First the distance traveled by the points is quite different, points that are far from the center go through a greater distance.

However, the angular displacement is the same for both points, suggesting that angular displacement is a good variable to describe the motion of the whole rotating object.

We would like to be able to have a straight forward relationship between the actual distance traveled and the angular displacement, which we can have if we express our angular displacement in radians.

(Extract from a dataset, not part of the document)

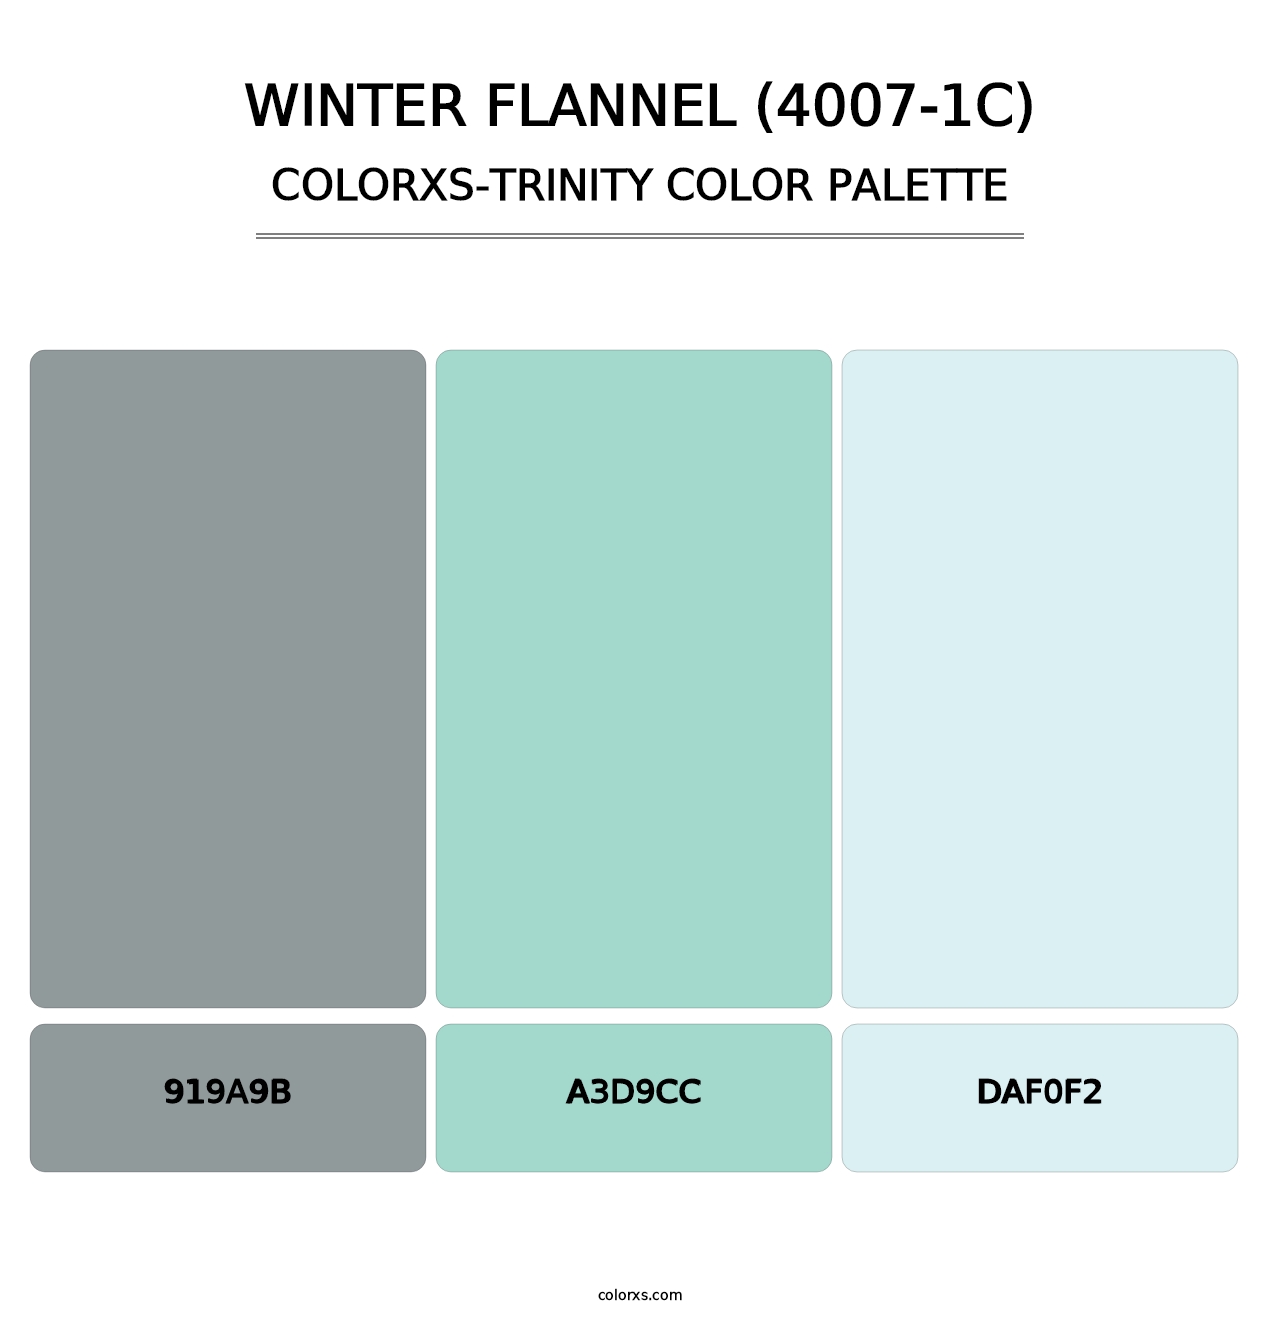 Winter Flannel (4007-1C) - Colorxs Trinity Palette

As the relationship between the arc length on a circle and the angle which it subtends in radians is

$l=r\theta$

a change in the angular displacement of $\Delta\theta$ results in a change in the displacement

$\Delta l=r\Delta\theta$

For change in angular displacement $\Delta \theta$ in a time interval $\Delta t$ we can define an average angular velocity

$\bar{\omega}=\frac{\Delta \theta}{\Delta t}$

As we are now accustomed, we can also define an instantaneous velocity

$\omega=\lim_{\Delta t\to 0}\frac{\Delta \theta}{\Delta t}=\frac{d\theta}{dt}$

The units of angular velocity can be expressed as either $\mathrm{rad\,s^{-1}}$ or $\mathrm{s^{-1}}$

Previously we only considered circular motion in which the angular velocity $\omega$ remained constant with time, but of course we can also define an angular acceleration

$\bar{\alpha}=\frac{\Delta \omega}{\Delta t}$

$\alpha=\lim_{\Delta t\to 0}\frac{\Delta \omega}{\Delta t}=\frac{d\omega}{dt}$

The units of angular acceleration can be expressed as either $\mathrm{rad\,s^{-2}}$ or $\mathrm{s^{-2}}$

A point at distance $r$ from the center of rotation will have at any time a tangential velocity of magnitude

$v=\omega r$

and a tangential acceleration (not to be confused with the centripetal acceleration) of

$a=\alpha r$

Rotational motion, when not accelerated, can be considered to be a form of periodic motion, and so relationships between the angular velocity, frequency and period are useful.

$T=\frac{2\pi}{\omega}$

$f=\frac{\omega}{2\pi}$

$\omega=2\pi f$

We'd also like to be able to express the centripetal acceleration in terms of $\omega$

$a_{R}=\frac{v^{2}}{r}=\frac{(\omega r)^{2}}{r}=\omega^{2}r$

The total acceleration of an object in accelerated rotational motion will be the vector sum of two perpendicular vectors, the tangential acceleration $\vec{a}_{tang}$, and the radial acceleration $\vec{a}_{R}$.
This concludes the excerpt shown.